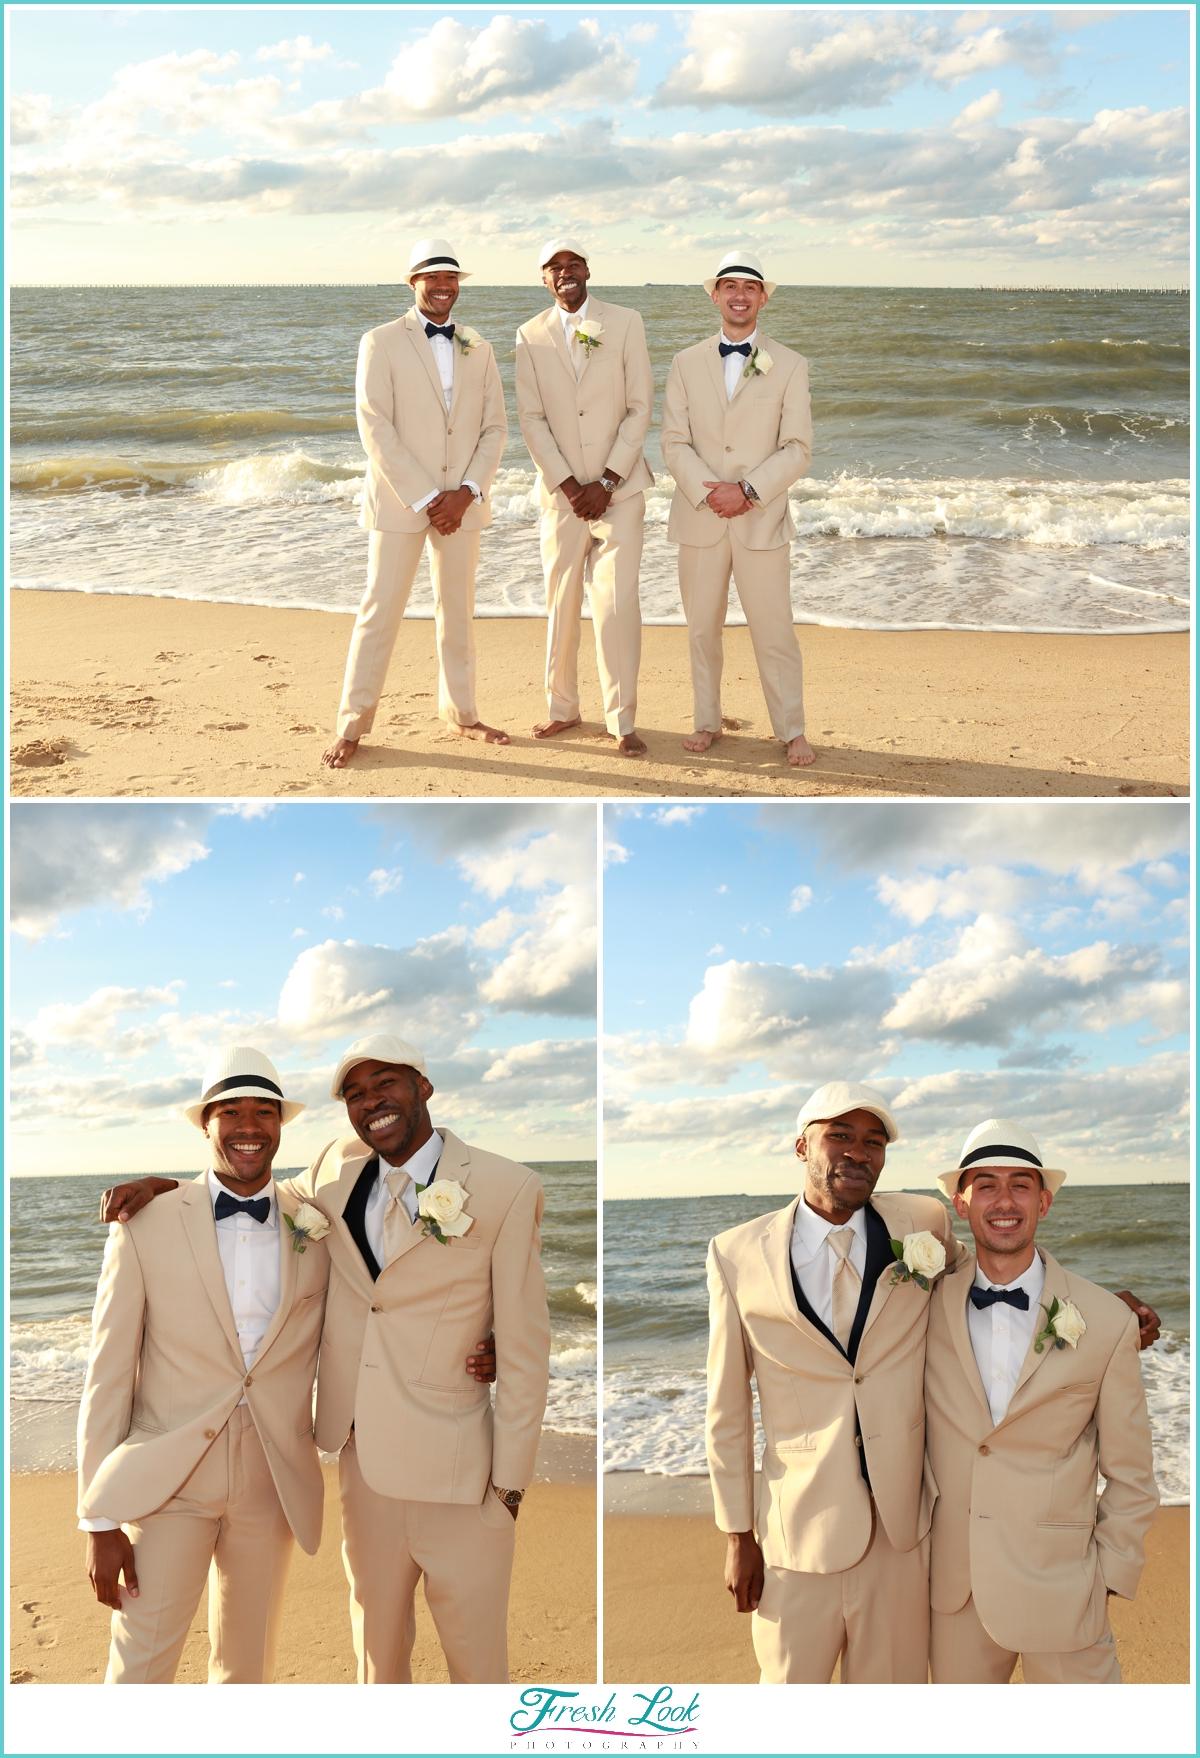 groomsmen photos on the beach
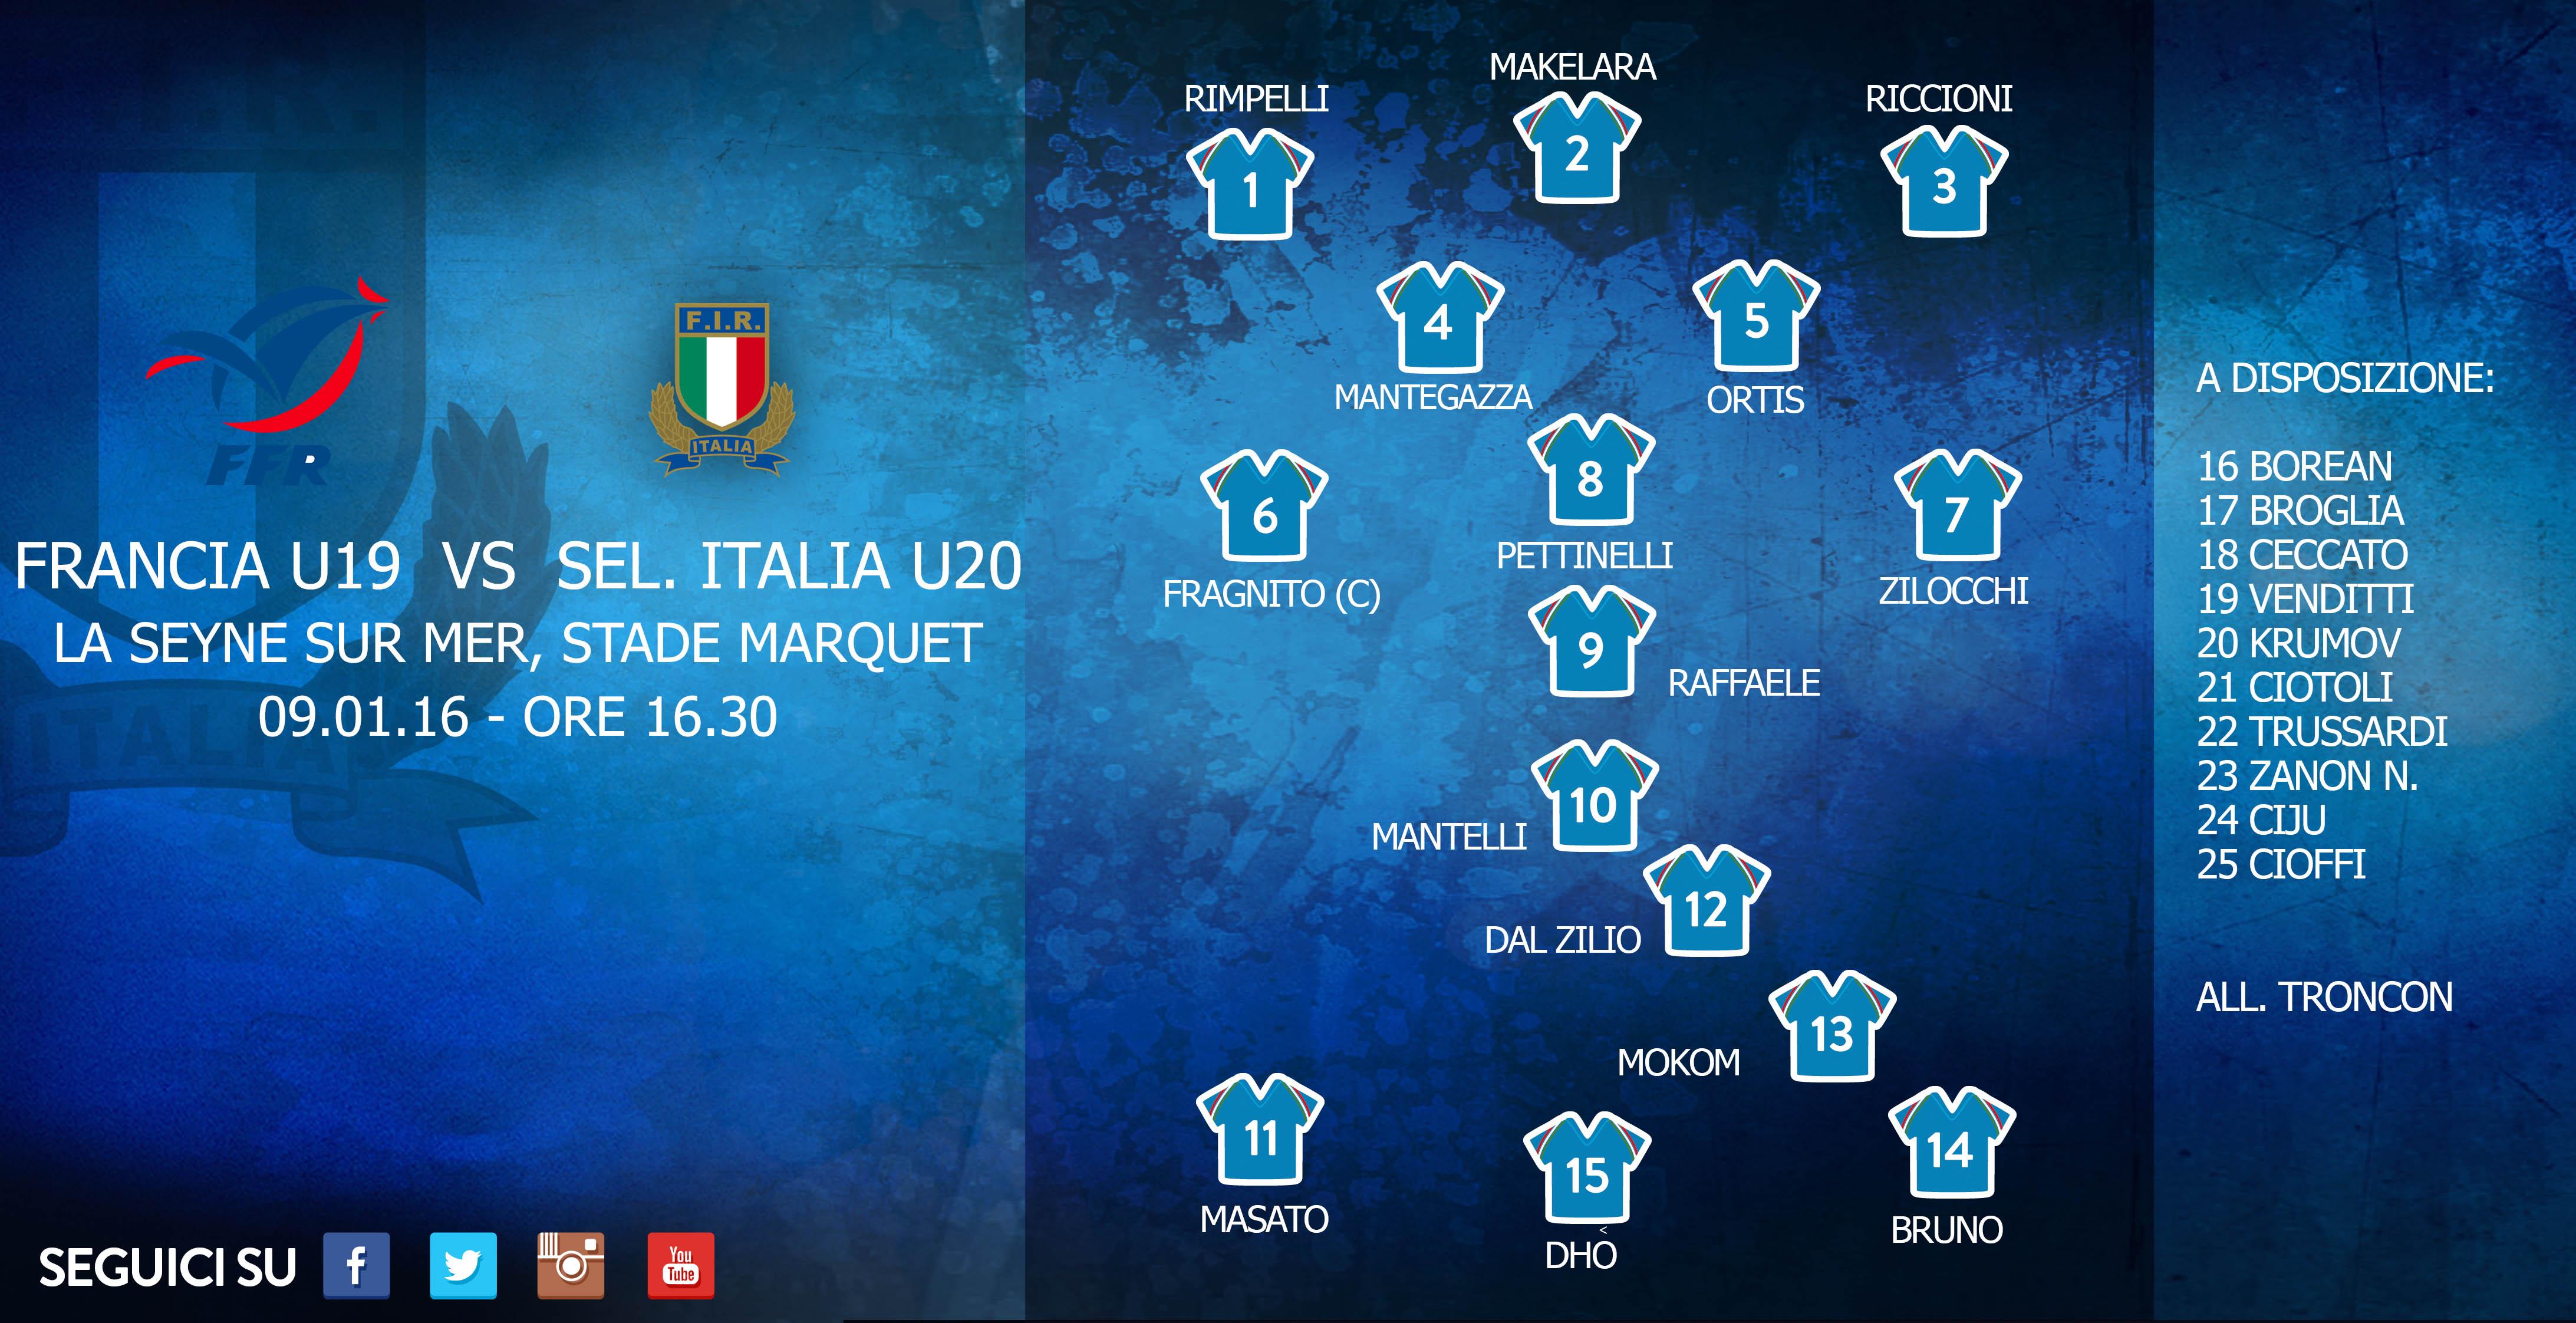 Sel. Italia u20
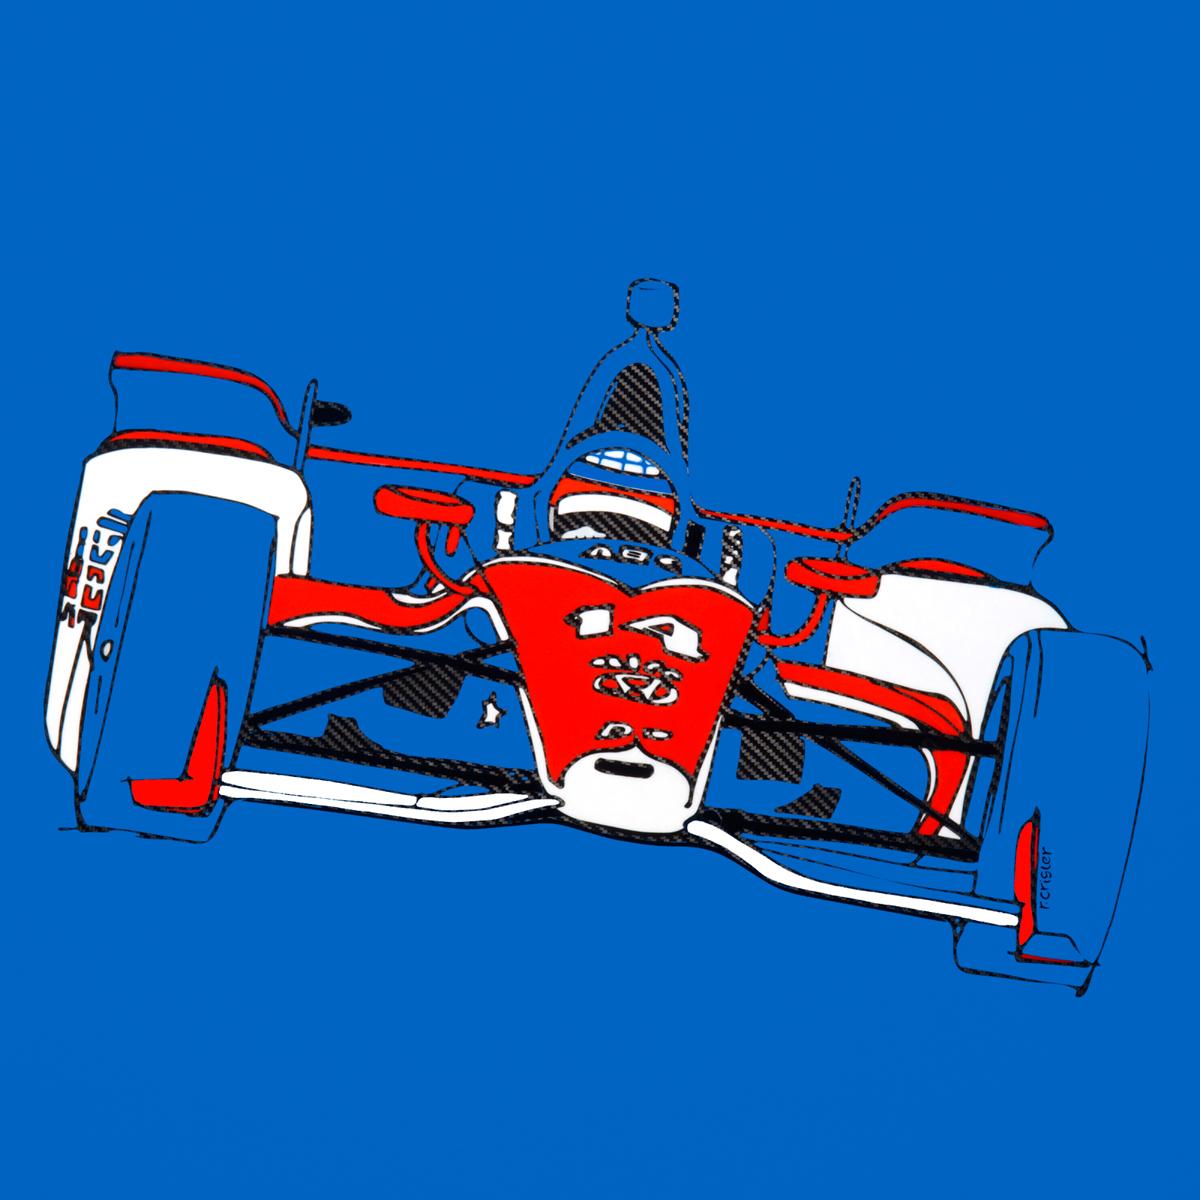 Racing Dynasty - #14 AJ Foyt Racing
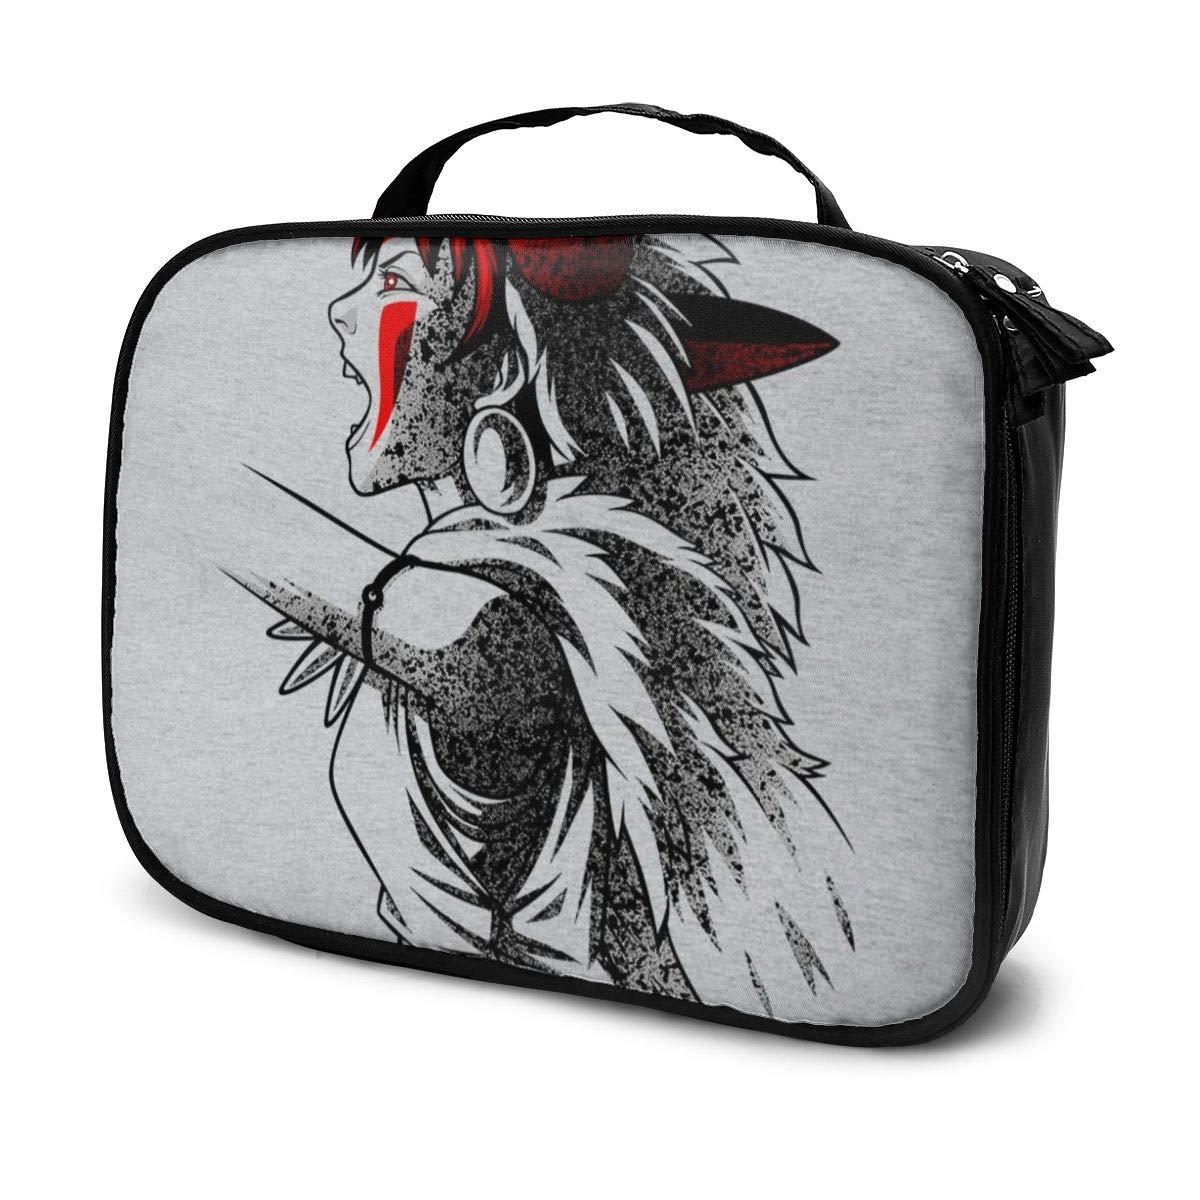 Makeup Bag Cosmetic Pouch Princess Mononoke Side Profile Multi-Functional Bag Travel Kit
.....
**How to complete this task**
Omit the pictures, and quote the material above exactly as given.

**Response to the task**
 groomsmen photos on the beach
 Sel. Italia u20
 Racing Dynasty - #14 AJ Foyt Racing
 Makeup Bag Cosmetic Pouch Princess Mononoke Side Profile Multi-Functional Bag Travel Kit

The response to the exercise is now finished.